**Aim of the task:** Within the records below is a range that opens at the line with "Italy / Italien: set" and closes at the line with "Red background with". Return that range word for word, both ends included, and only that range.

**Information shown:**
• • • • •
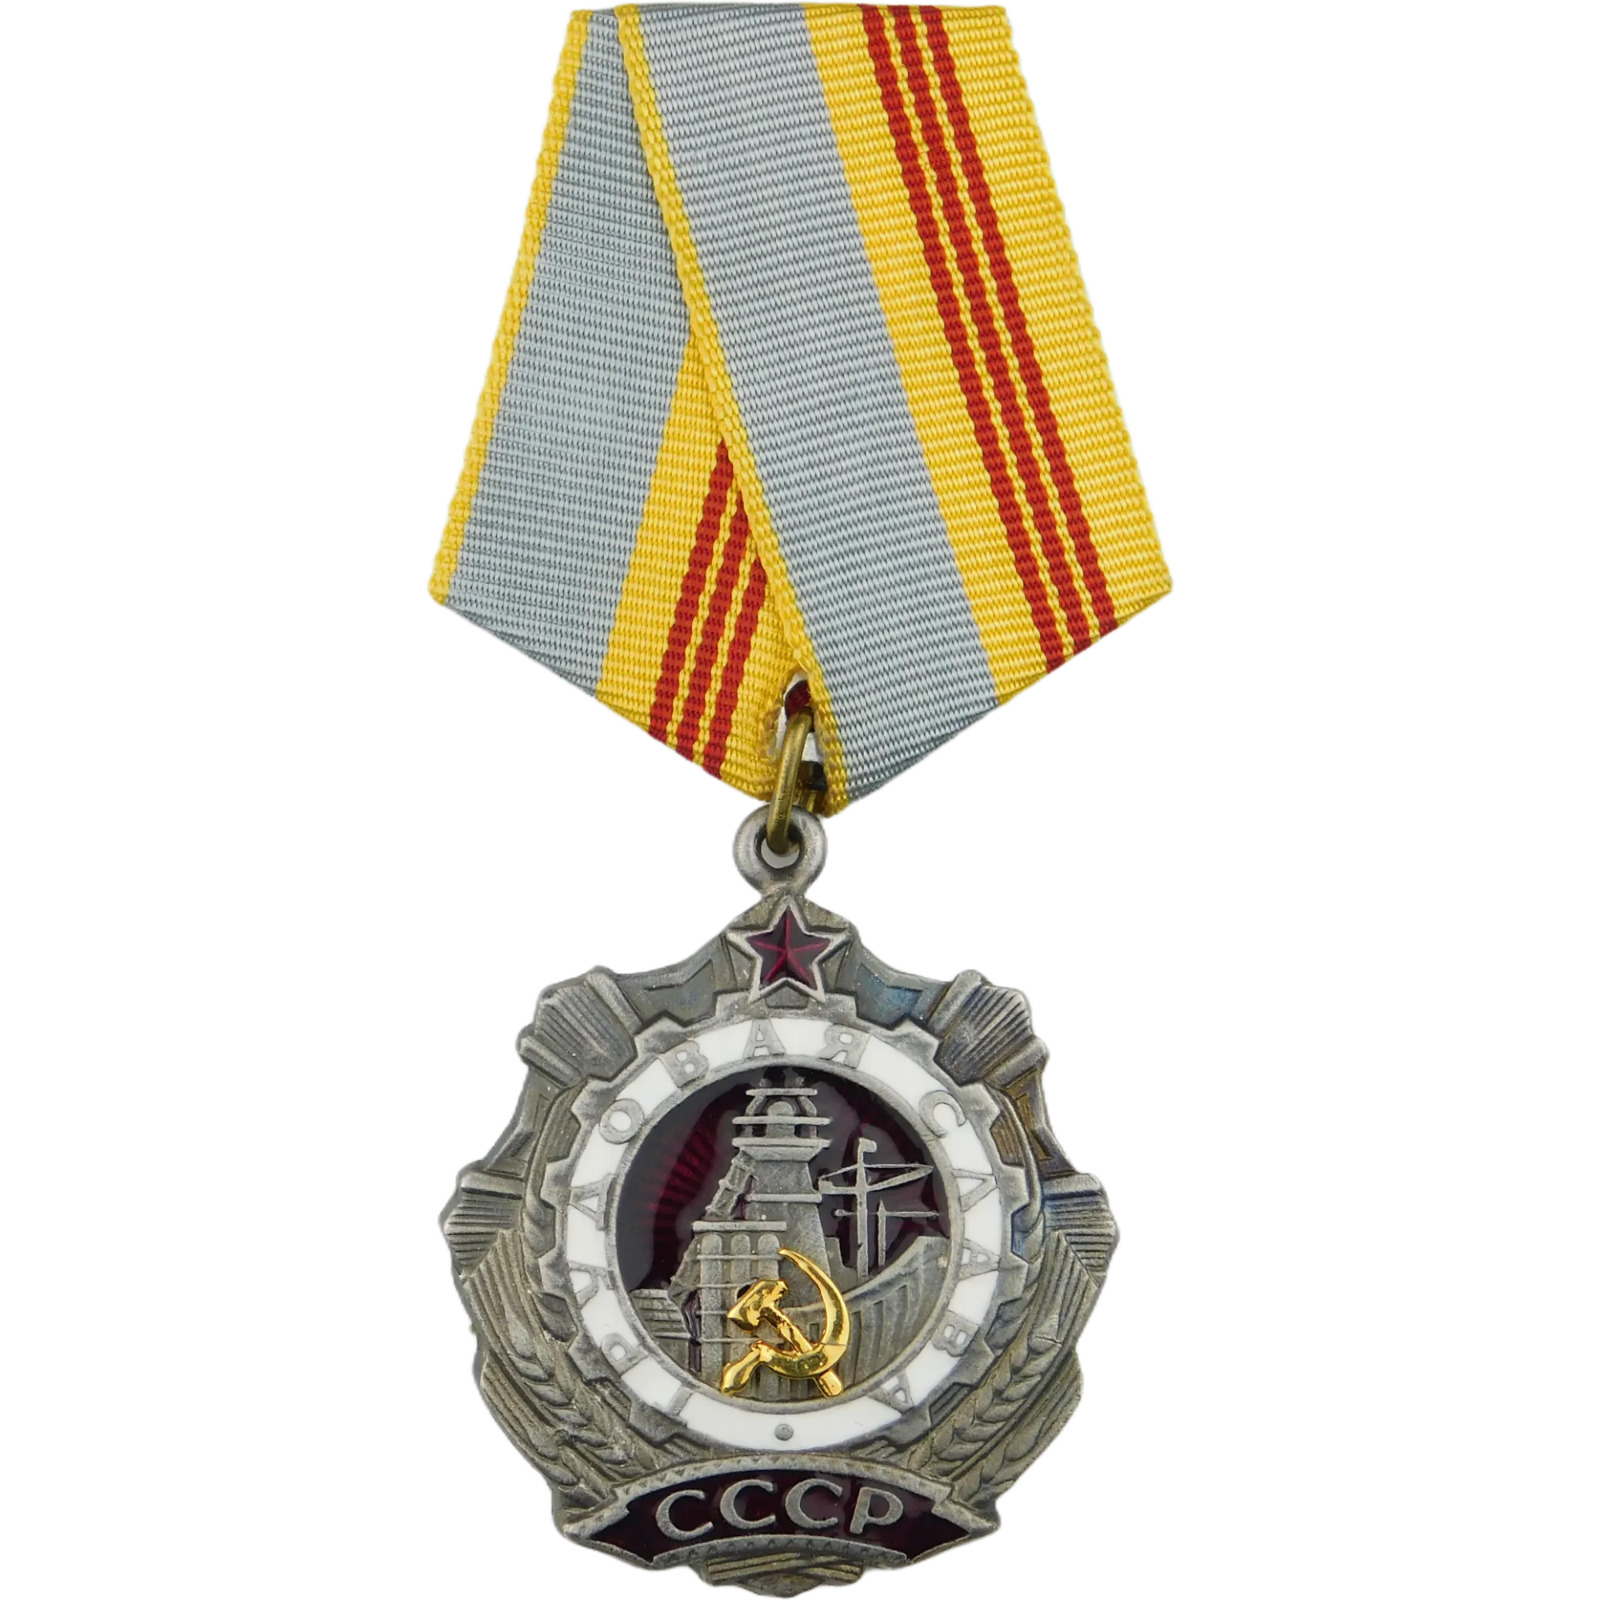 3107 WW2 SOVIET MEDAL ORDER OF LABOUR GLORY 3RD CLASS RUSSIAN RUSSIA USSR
• • • • •
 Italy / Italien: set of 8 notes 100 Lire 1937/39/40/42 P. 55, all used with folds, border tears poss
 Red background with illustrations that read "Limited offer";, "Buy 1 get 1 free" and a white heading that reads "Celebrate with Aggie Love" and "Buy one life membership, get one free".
• • • • •
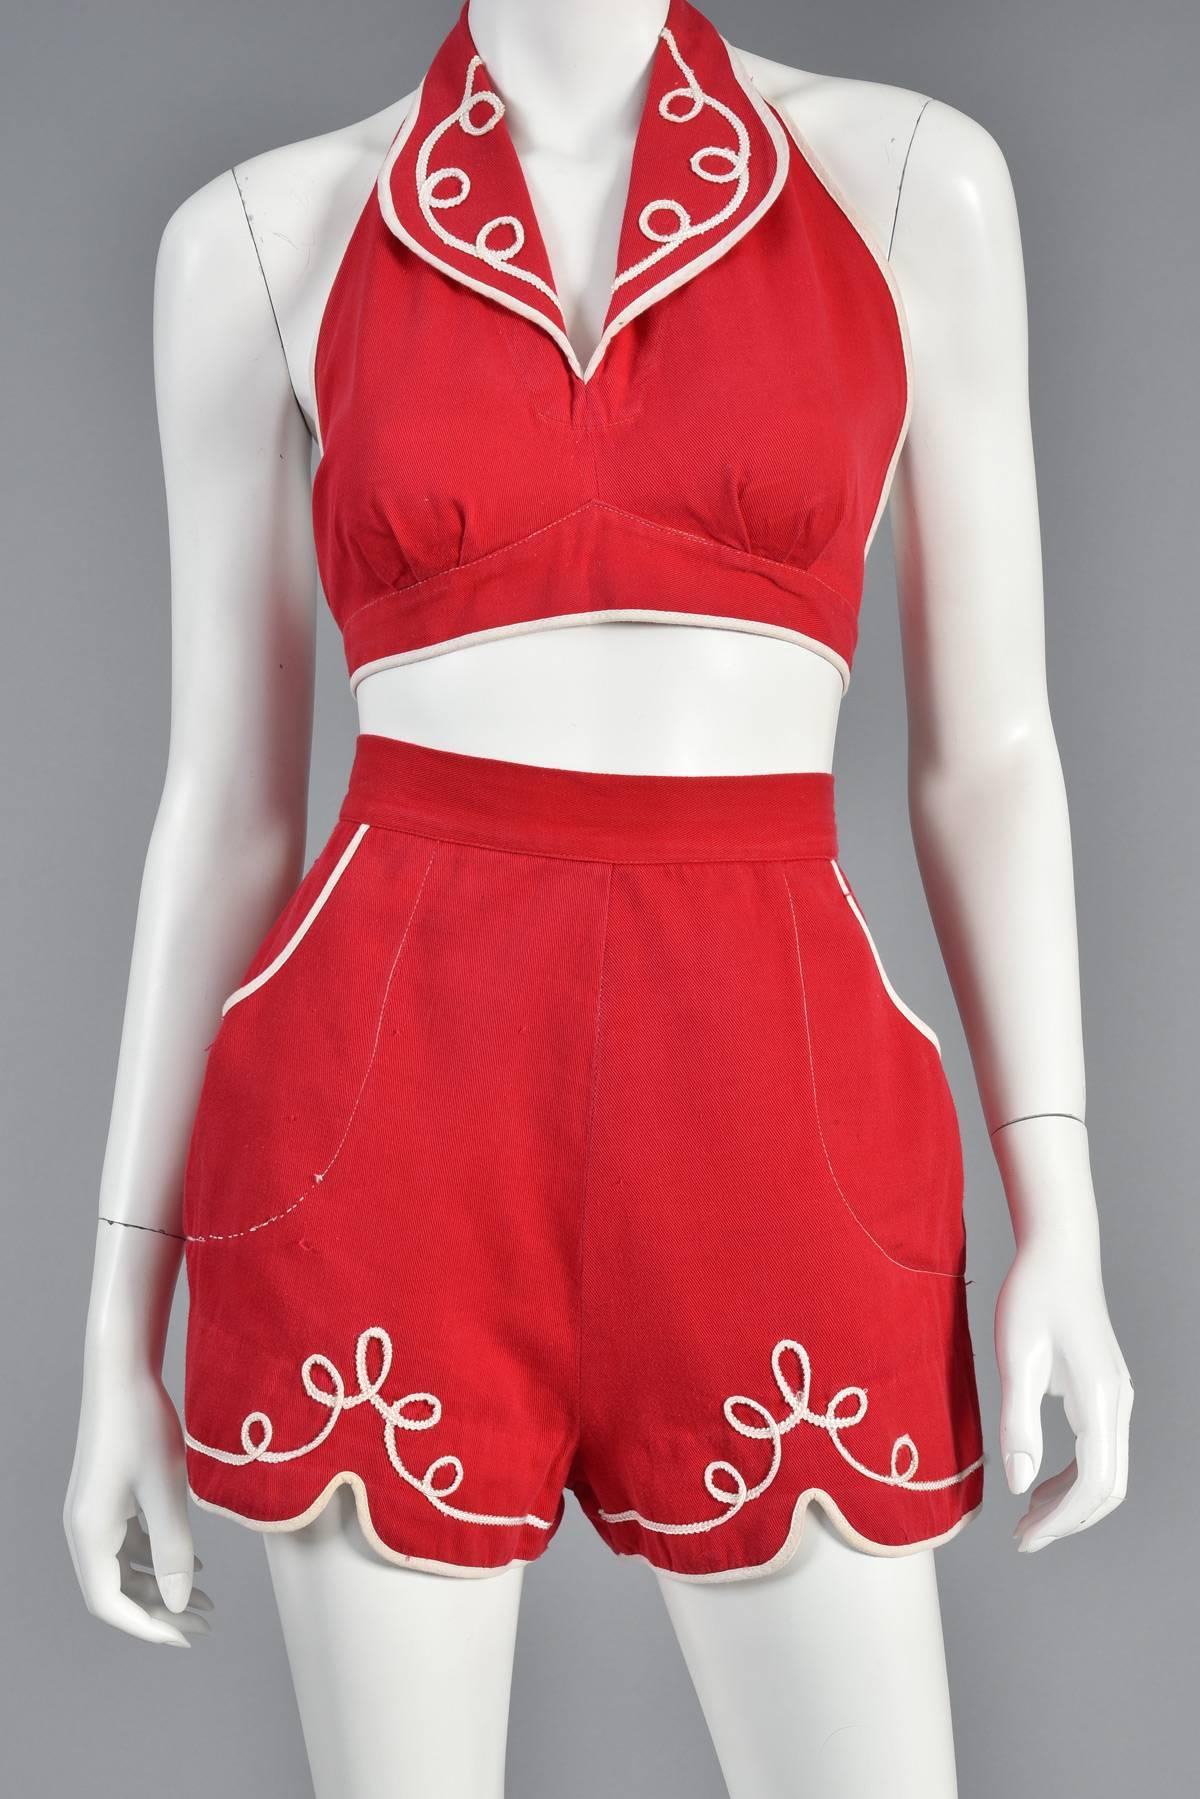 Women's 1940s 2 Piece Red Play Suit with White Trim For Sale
• • • • •
**Exercise solution:**
 Italy / Italien: set of 8 notes 100 Lire 1937/39/40/42 P. 55, all used with folds, border tears poss
 Red background with illustrations that read "Limited offer";, "Buy 1 get 1 free" and a white heading that reads "Celebrate with Aggie Love" and "Buy one life membership, get one free".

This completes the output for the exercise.